» **Data segment**:
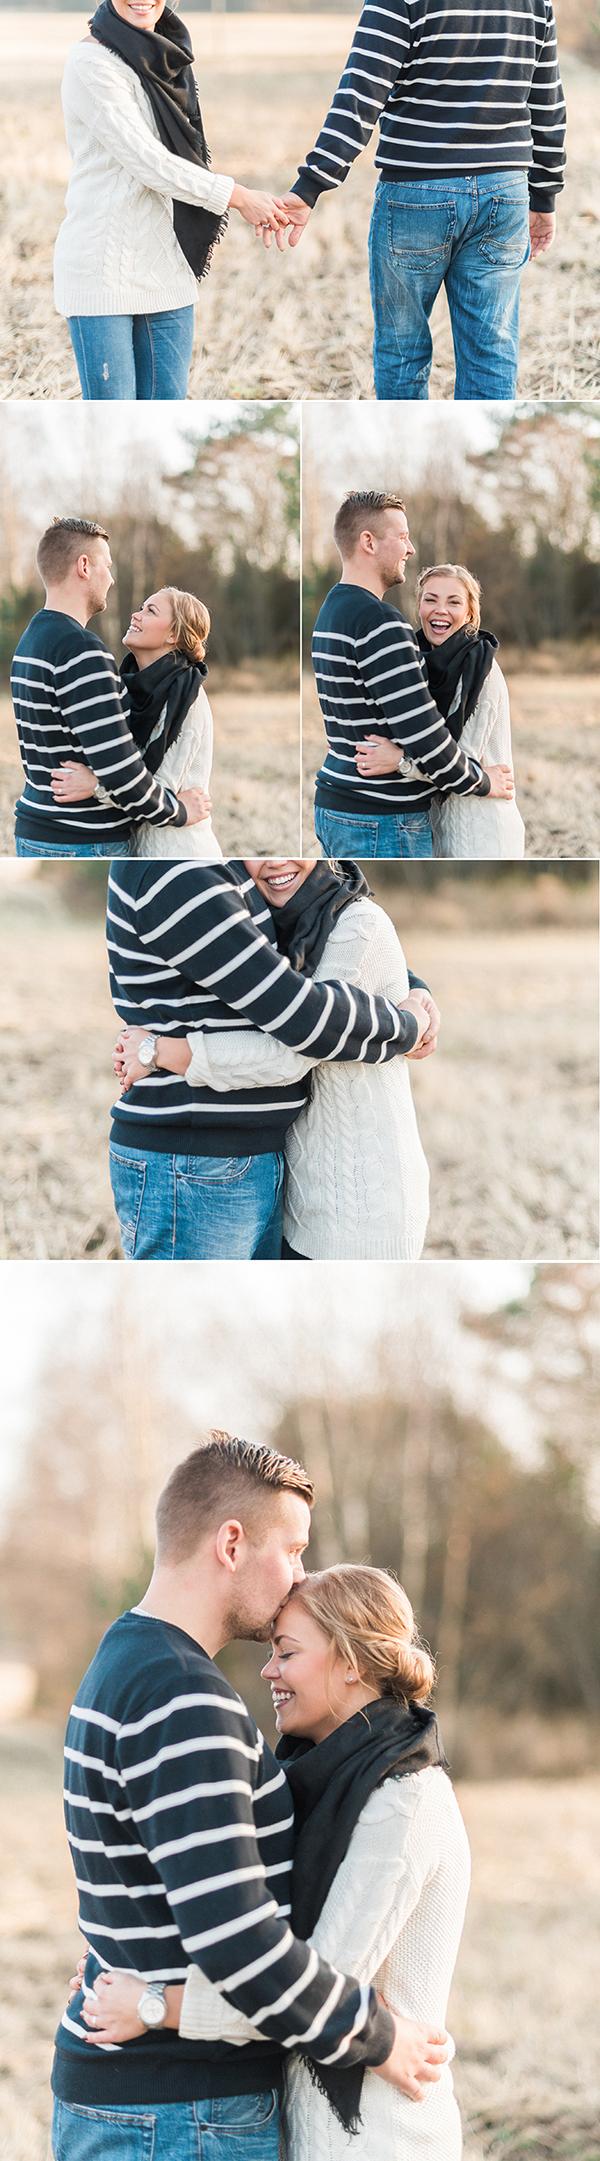 Essi&Ersi,couple shoot, Rauma, Susanna Nordvall Photography (6).jpg
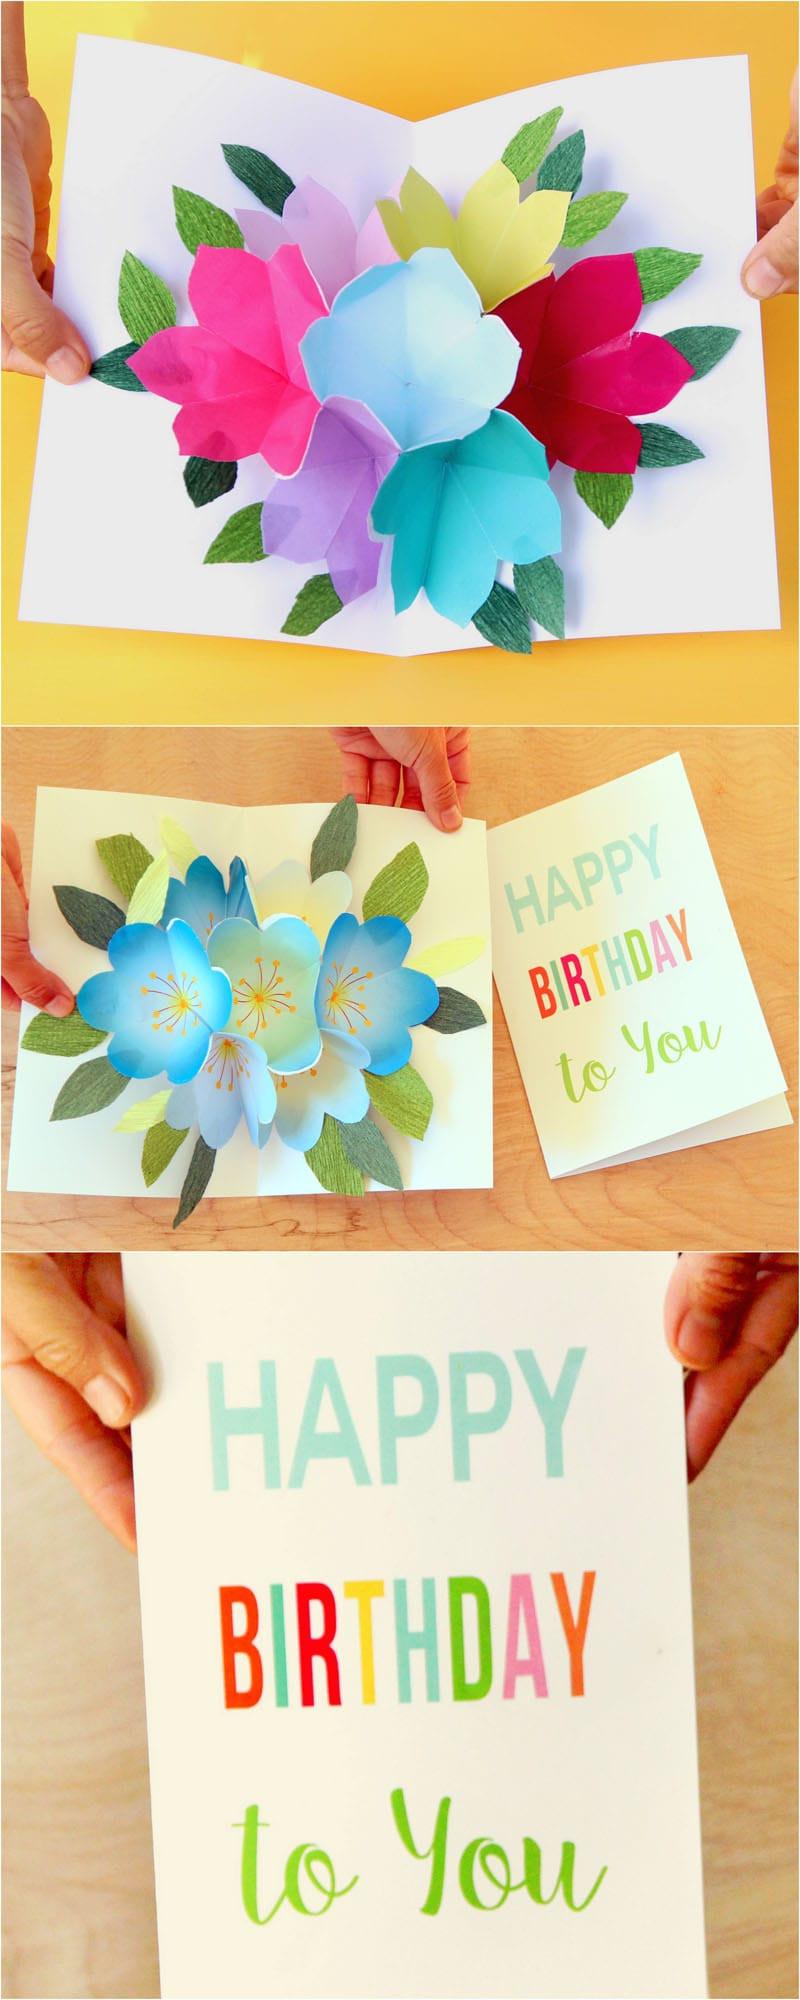 Happy Birthday Card Diy  Free Printable Happy Birthday Card with Pop Up Bouquet A
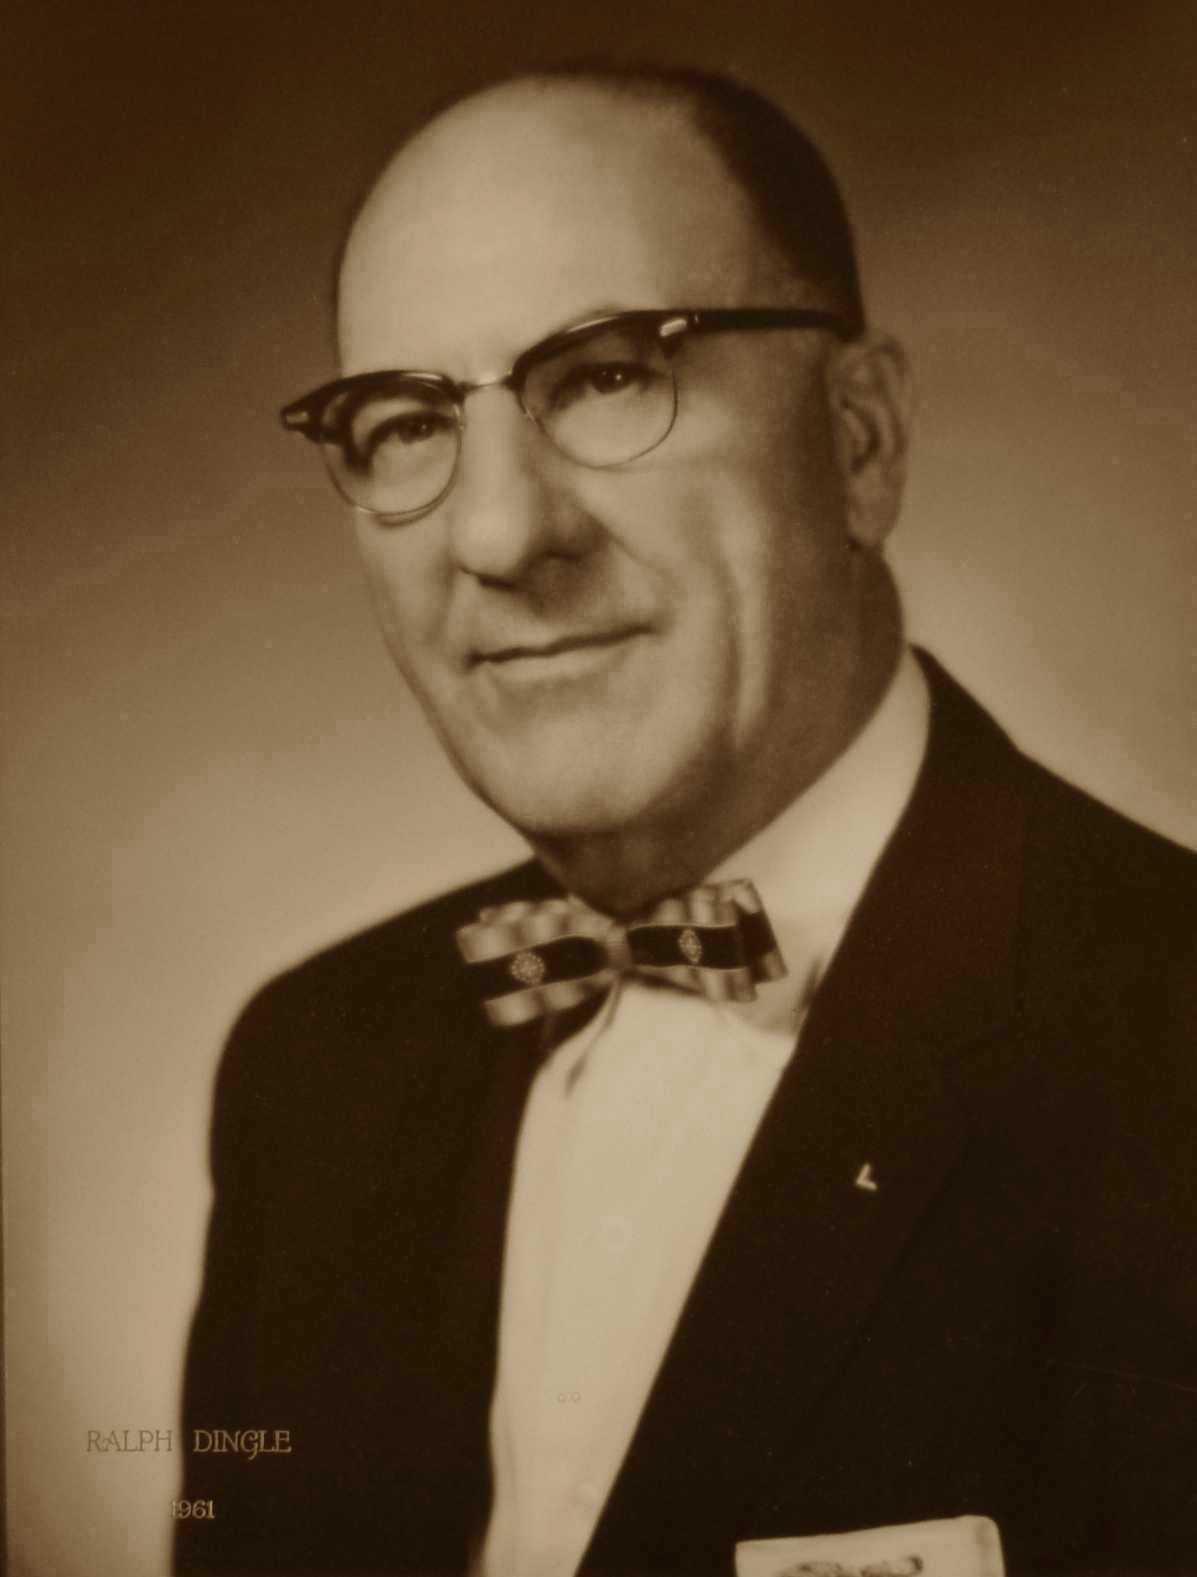 Ralph Dingle, 1961
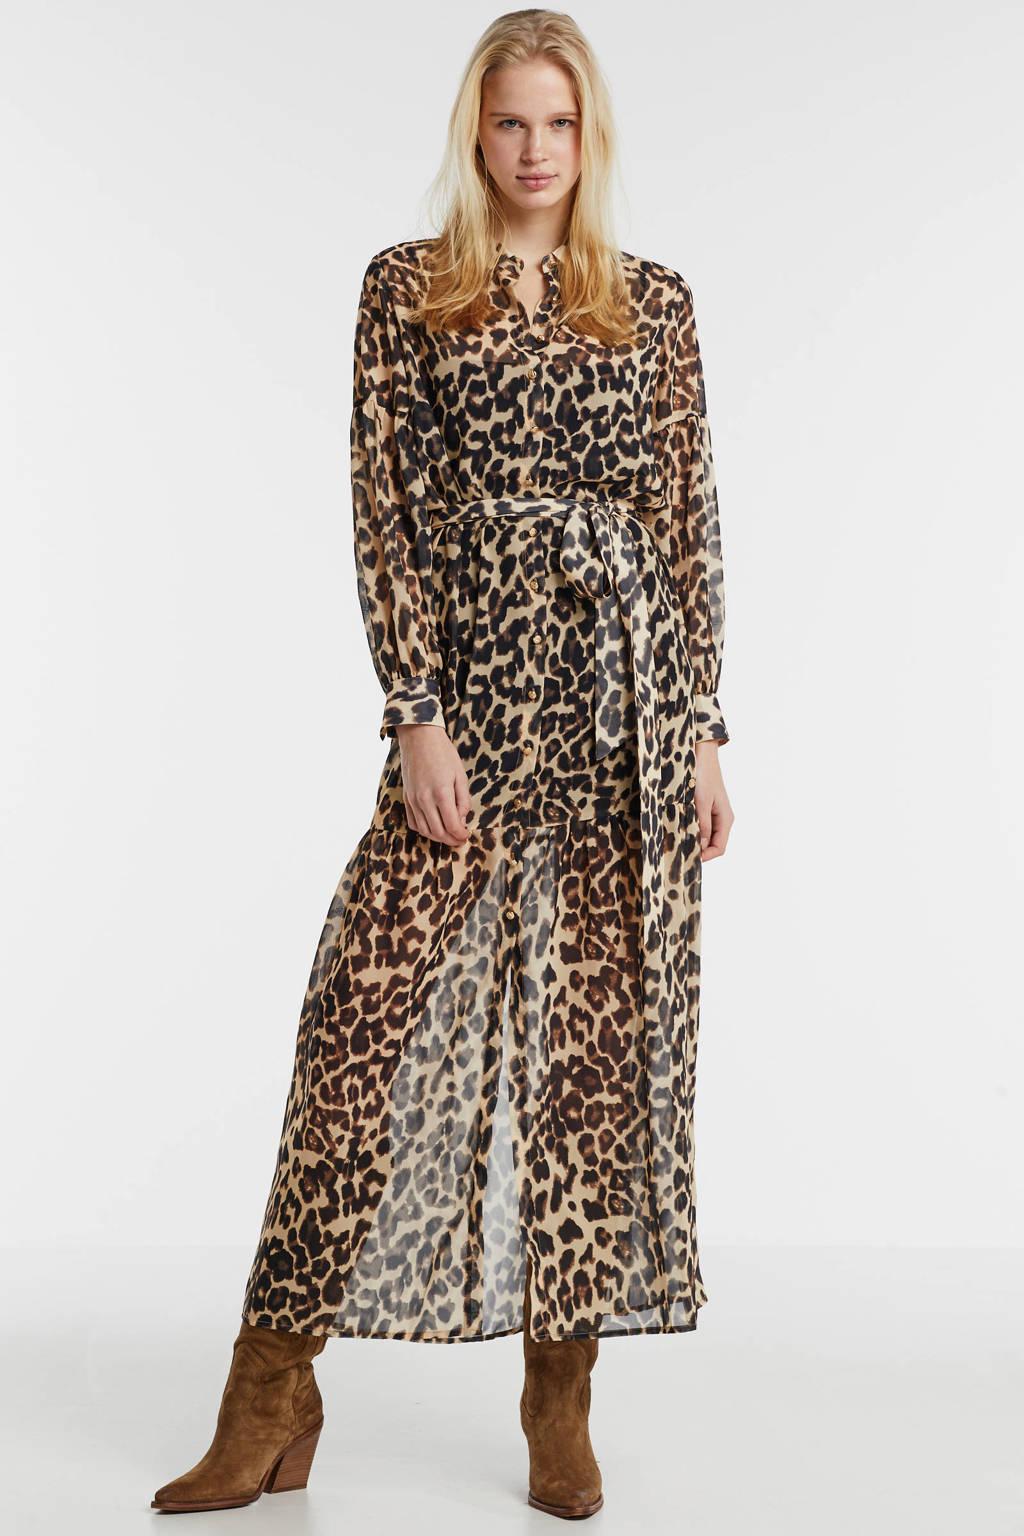 JOSH V maxi jurk ROSEMARY met panterprint lichtbruin/ zwart, Lichtbruin/ zwart

» **Problem to work on**: From the material above, print everything exactly except the pictures.

» **Solution to this exercise**:
 Essi&Ersi,couple shoot, Rauma, Susanna Nordvall Photography (6).jpg
 Happy Birthday Card Diy  Free Printable Happy Birthday Card with Pop Up Bouquet A
 Ralph Dingle, 1961
 JOSH V maxi jurk ROSEMARY met panterprint lichtbruin/ zwart, Lichtbruin/ zwart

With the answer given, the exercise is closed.